Peter Vilandos is a Greek-American professional poker player. He was born in Greece and now resides in Houston, Texas.  He has won three bracelets at the World Series of Poker.

He first cashed in a poker tournament in 1990, and since that time has cashed in dozens of tournaments.  Vilandos had his first cash in the WSOP in 1993, and won his first WSOP bracelet in 1995 in the $1,500 Pot Limit Holdem event.  He had his highest WSOP Main Event finish the following year, busting out in 21st place, for a prize of $19,500.

Vilandos has also cashed in two World Poker Tour (WPT) $10,000 events.

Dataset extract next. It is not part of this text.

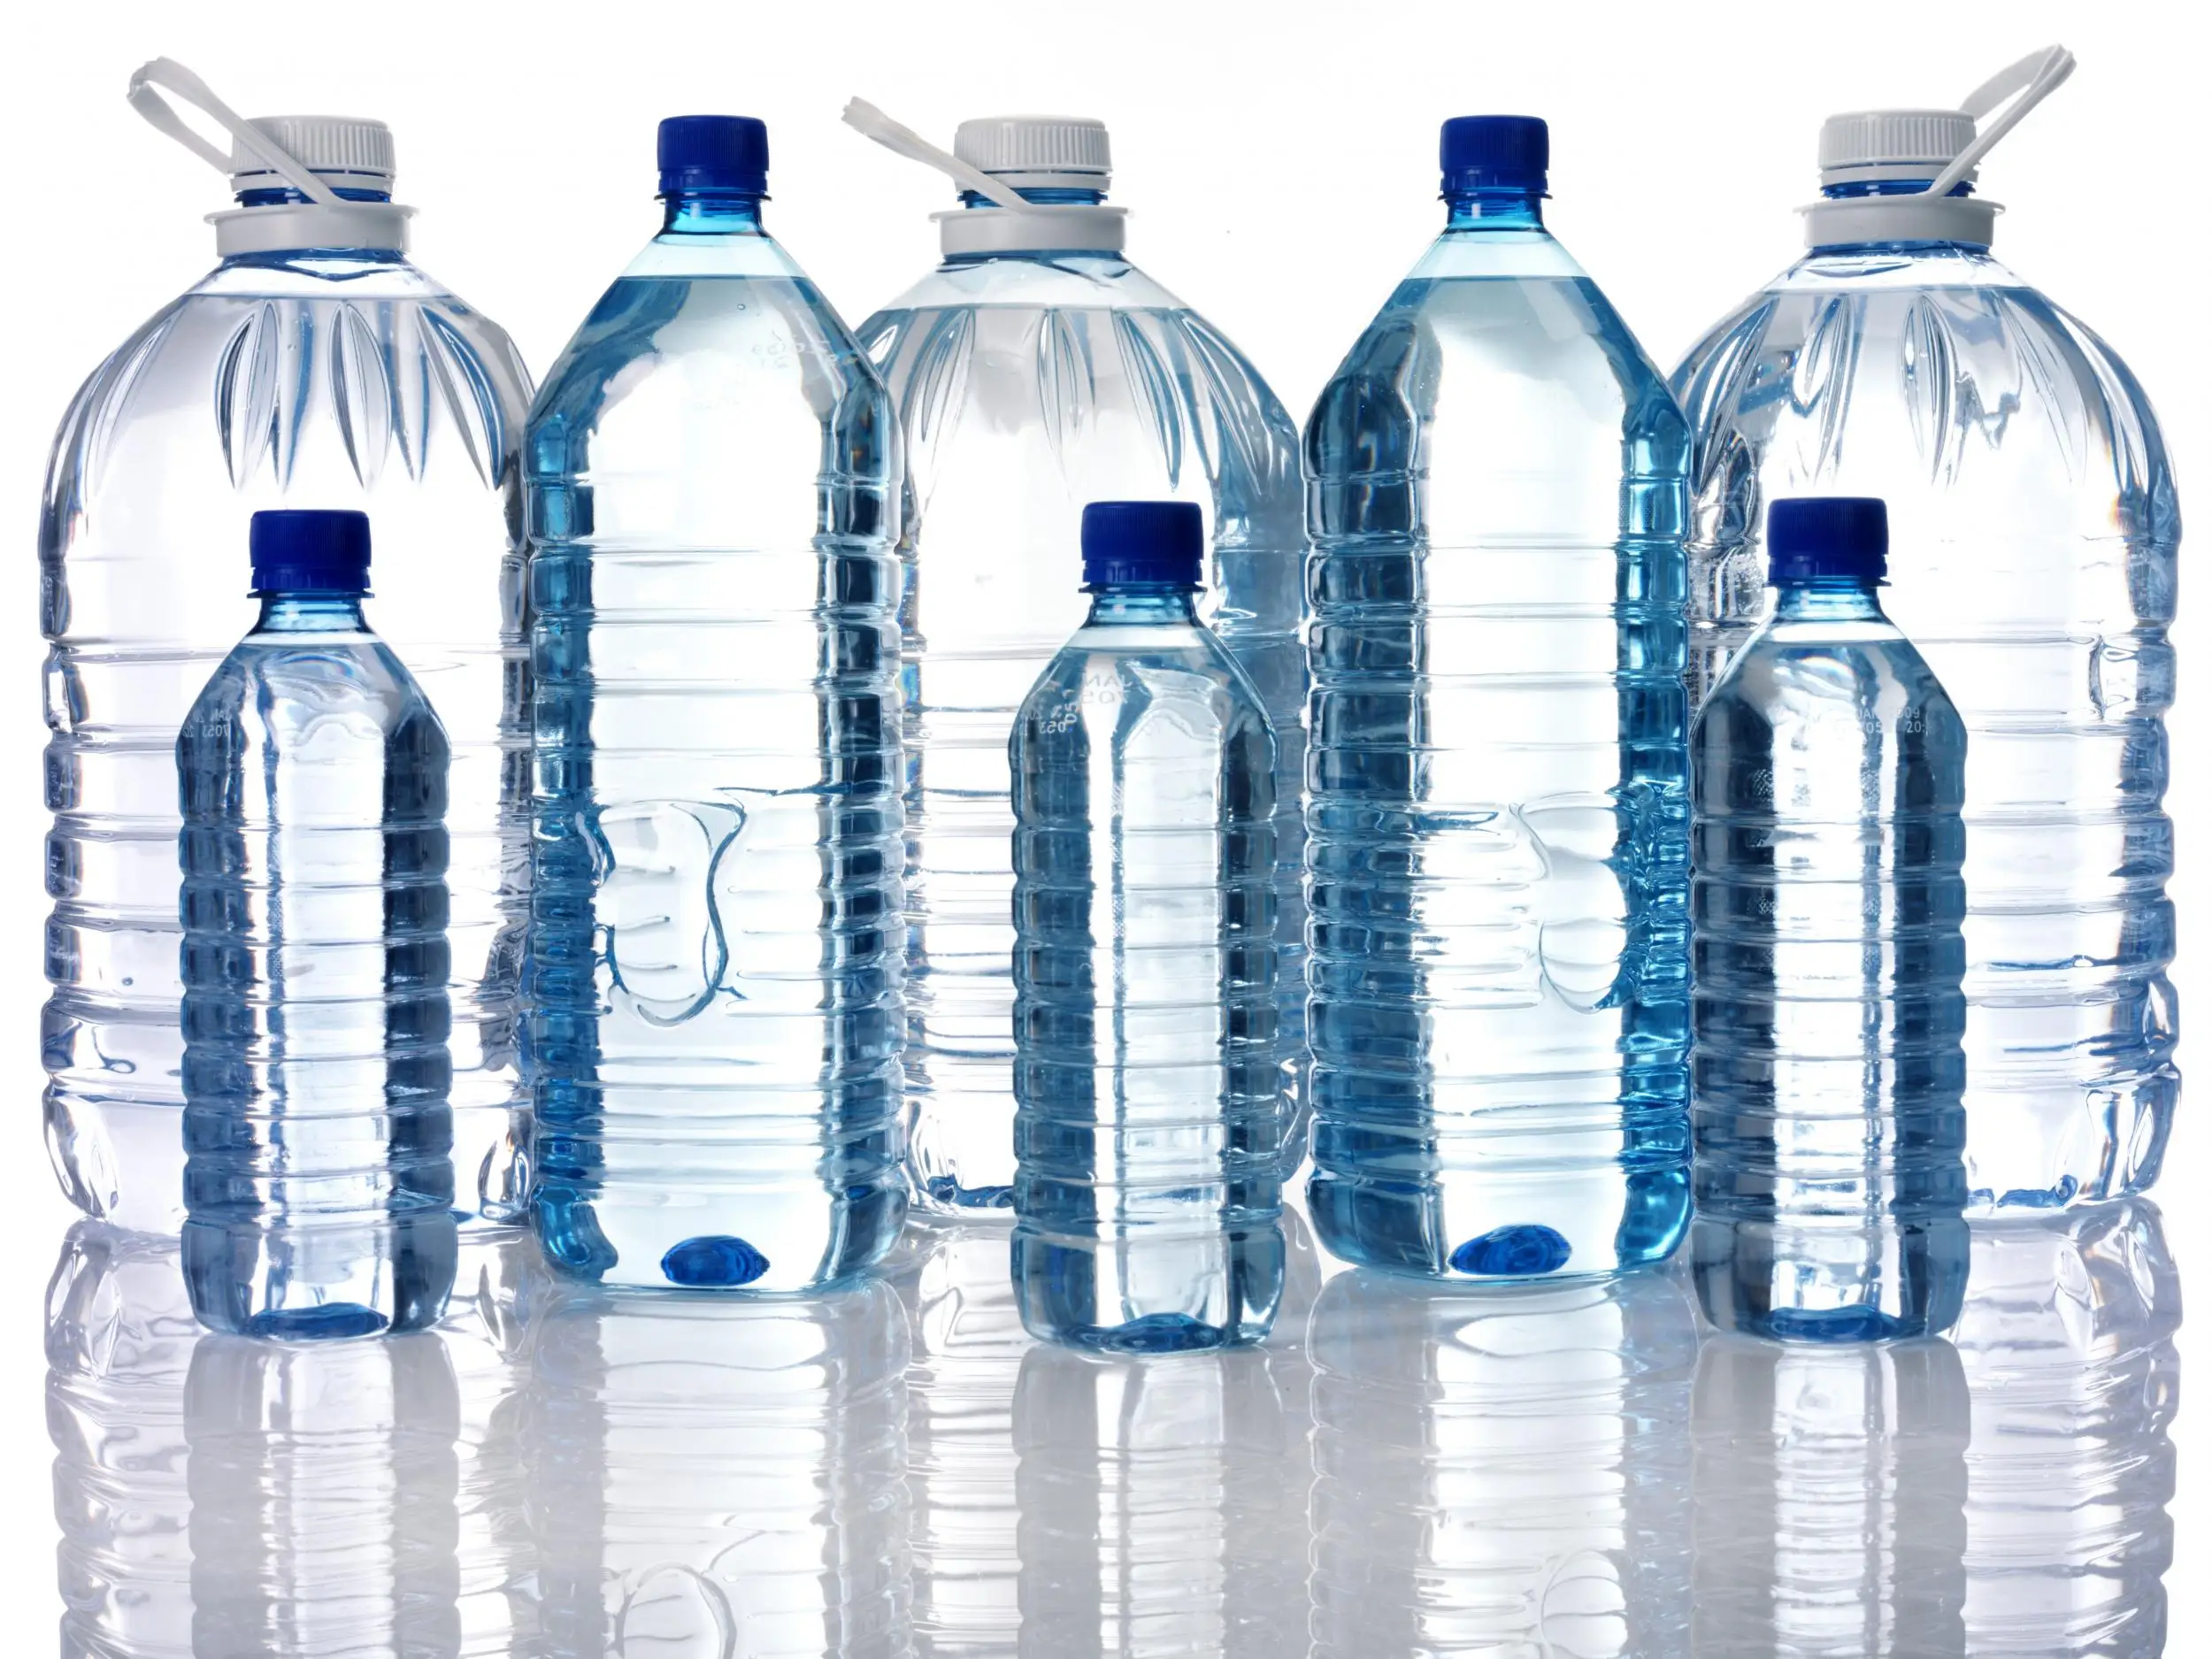 Хранение дистиллированной воды. Бутилированная вода. Бутылка для воды. Вода питьевая бутилированная. Вода в бутылях.

His first cash was in 2002 at the Five Diamond World Poker Classic, finishing in 15th place.  He cashed again in 2003 at the World Poker Open in Tunica, Mississippi, finishing in 21st place.

Vilandos won his second bracelet at the 2009 WSOP, winning a $1,500 No Limit Holdem event and a prize of $607,256.  Earlier in the series, Vilandos had a second-place finish in the $1,000 No Limit Hold'em event, which was won by Steve Sung.

As of 2014, Vilandos' live tournament winnings exceed $3,132,000. His 22 cashes at the WSOP account for $2,410,333 of those winnings.

World Series of Poker Bracelets

Notes

American poker players
Greek poker players
World Series of Poker bracelet winners
Living people
Year of birth missing (living people)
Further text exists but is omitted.